ちなみに、この番組はよく好んで見ており、魔人が悪人を投げ飛ばし、踏みつけて退治するシーンがたまらなく好きだった。
 話を本文に戻して、

 しばらくして、忠は診察室に呼ばれた。診察室を入ると、正面に大きな窓があった。その窓からはお昼の日差しが差し込んでいた。その直ぐ横に医師の机と椅子があり、そのイスに白衣を着た医師が座っていた。
 忠は看護師に連れられ医師の横に行った。医師が忠の方に向いた。見覚えがある顔だった。そう、巡回検診で見た顔。
 医師が車椅子の忠を自分に引き寄せた。
「足、診るからねぇ」
 医師の手が忠の膝に来た。曲がり具合と伸び具合を診ていた。少しくつぐたく思えた。しばらくして、
「よし、いいだろう」
 と医師。 
「部屋に連れて行きます」
 大魔人看護師が診察室の外に忠を連れ出した。
「じゃ、部屋に案内するからここで待っていて」
 そう言って、大魔人看護師は診察室へ入って行った。
 忠は母と待っていた。
「忠くんだね」
青の上っ張りを着た女の職員が忠の顔をのぞき込んだ。
「お部屋に案内するからねぇ」
その職員が車椅子を押しはじめた。今子も後をついてきた。車いすを押されながら、廊下の先を見て、(長い廊下だな)と思った。

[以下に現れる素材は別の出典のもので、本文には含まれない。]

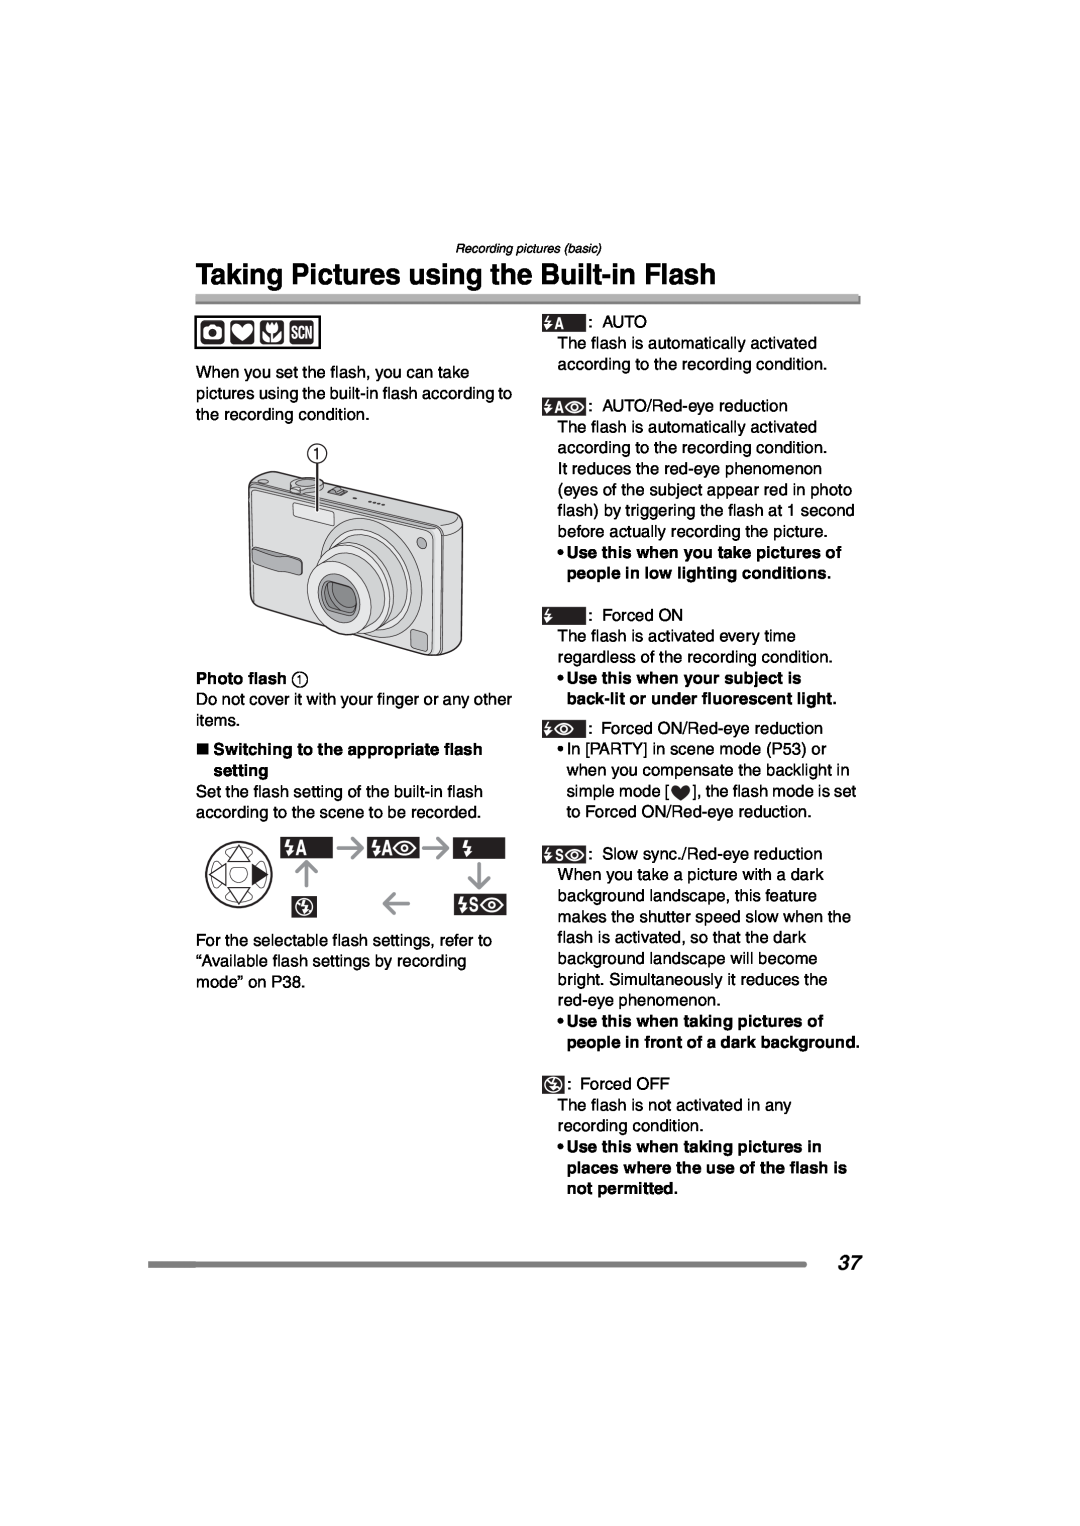 Panasonic DMCFX7K Taking Pictures using the Built-in Flash, Photo flash, ∫ Switching to the appropriate flash setting

間もなくして、左側に幾つも部屋が並ぶようになった。部屋が並ぶ真ん中あたりで、部屋から何人かの声が忠の耳に入った。声の元の部屋の中を見ると、三人の子供か大人か分からない女の人たちが足にギブスをはめベッドにいた。
「おっ、可愛いやつじゃん、あとでお姉さんたちと遊ぼう」
 と言い、笑っていた。
 忠は不思議に思った。
「からかうんじゃない、あんたたちはー。あんなお姉さんたちは、無視、無視」
職員が車いすを押しながら話していた。そして職員の足の歩みは、長い廊下の突き当りの部屋で止まった。